Data collection and preview builds
The Data Collection And Preview Builds node contains four settings.
- Toggle User Control Over Insider Builds
This policy setting determines whether users can access the Insider build controls in Advanced Options for Windows Update. If you enable or do not configure this policy setting, users can download and install Windows preview software on their devices. If you disable this policy setting, Get Insider Builds will not be available.
- Allow Telemetry
This policy setting determines the amount of diagnostic and usage data related to Microsoft software that is reported to Microsoft. The policy offers four choices.
- Security: No telemetry data is reported to Microsoft except security data such as Windows Defender data.
- Basic: Reports a limited amount of diagnostic and usage data.
- Enhanced: Sends enhanced diagnostic and usage data.
- Full: Sends the same data as the Basic setting plus additional diagnostics data, such as the system state at the time of a system halt or crash, and the files and content that might have caused the problem.
- Disable Pre-release Features Or Settings
Use this policy setting to configure the level to which Microsoft can experiment with Windows 10 to study your preferences or device behavior.
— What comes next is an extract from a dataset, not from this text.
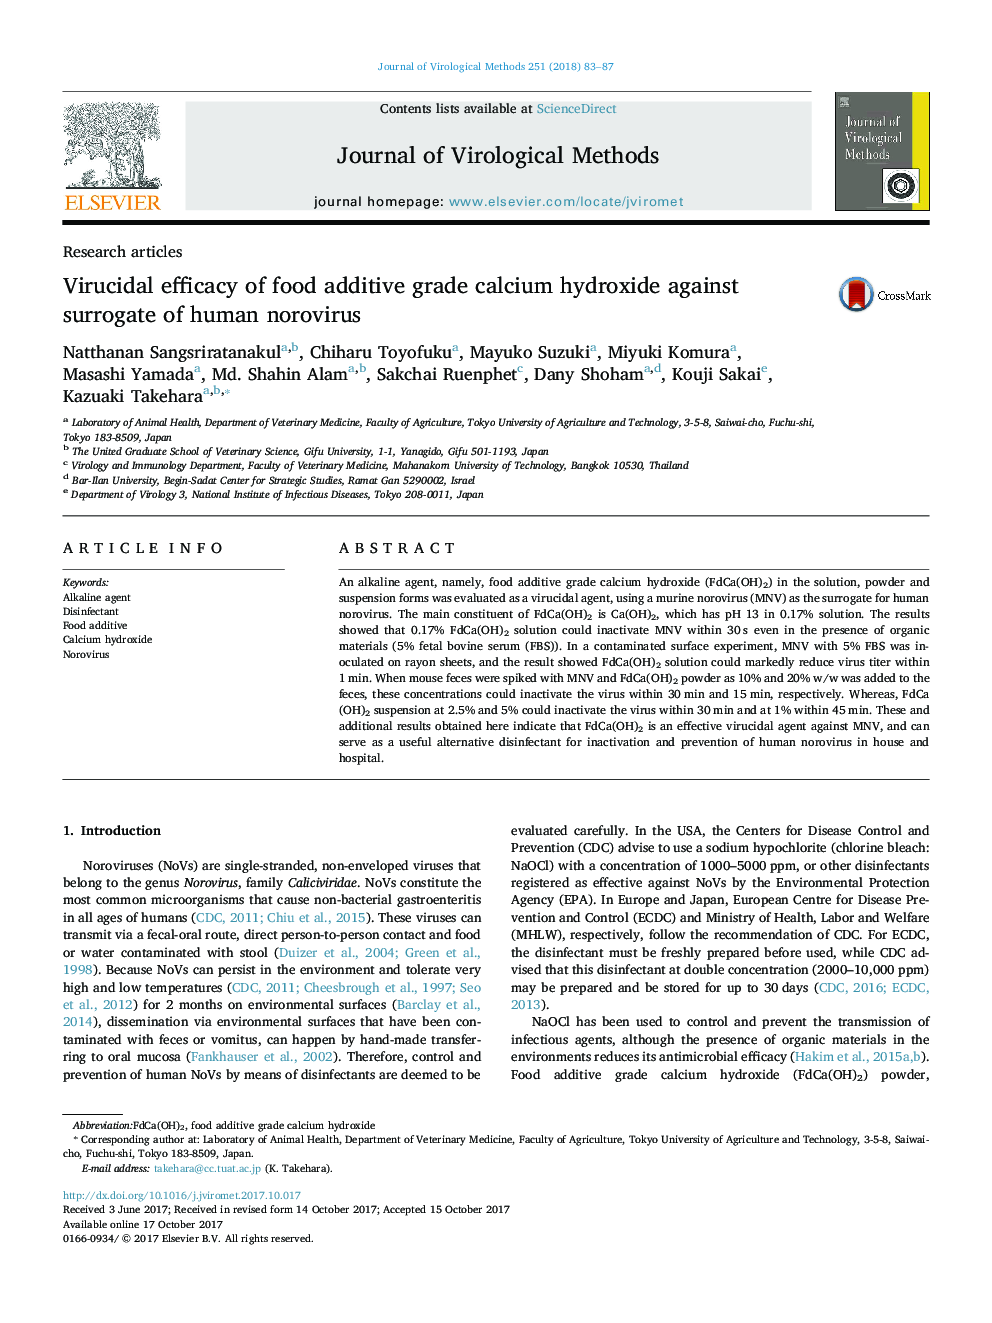 Virucidal efficacy of food additive grade calcium hydroxide against surrogate of human norovirus

There are two settings.
- Device Setting Only Permits Microsoft to configure device settings only
- Full Experimentations Enables Microsoft to conduct full experimentations and study user preferences
- Do Not Show Feedback Notifications
- This policy setting enables an organization to prevent its devices from showing feedback questions from Microsoft through the Windows Feedback app.
The Delivery Optimization node contains the following five settings.
- Download Mode
Use this setting to configure the use of Windows Update Delivery Optimization in downloads of Windows apps and updates. These settings offer slightly more granularity in the Settings app, allowing the device to receive updates from more than one place. There are four options, as follows.
- None: Disable the feature
- Group: Peers on same NAT only
- LAN: Local Network/Private Peering (PCs in the same domain by default)
- Internet: Internet Peering only
- Group ID
Set this policy to specify an arbitrary group ID to which the device belongs by using a globally unique identifier (GUID) as the group ID. This segments the devices when using the Group option in the Download Mode setting.
- Max Cache Age
Use this to define the maximum time the Delivery Optimization cache can hold each file.
- Max Cache Size
This option limits the maximum cache size Delivery Optimization can use as a percentage of the internal disk size.
- Max Upload Bandwidth
This policy defines a limit for the upload bandwidth that a device uses for all concurrent upload activity by Delivery Optimization (kilobytes per second).
Review the new GPOs that relate to the new Windows Update functionality found in Windows 10.
Troubleshoot Windows Update
If a machine is not receiving updates and you have checked the Settings app and Group Policy settings, verify that the two services in Windows relating to Windows Update are running.
The first is the Windows Update service, which checks which updates have been installed locally and what is available on the update servers. The Windows Update service also handles the download, installation, and reporting of the state of updates.
Background Intelligent Transfer Service (BITS) is a supplemental service that handles the transfer of update files in the most efficient manner.
Both services need to be running for Windows Update to function correctly.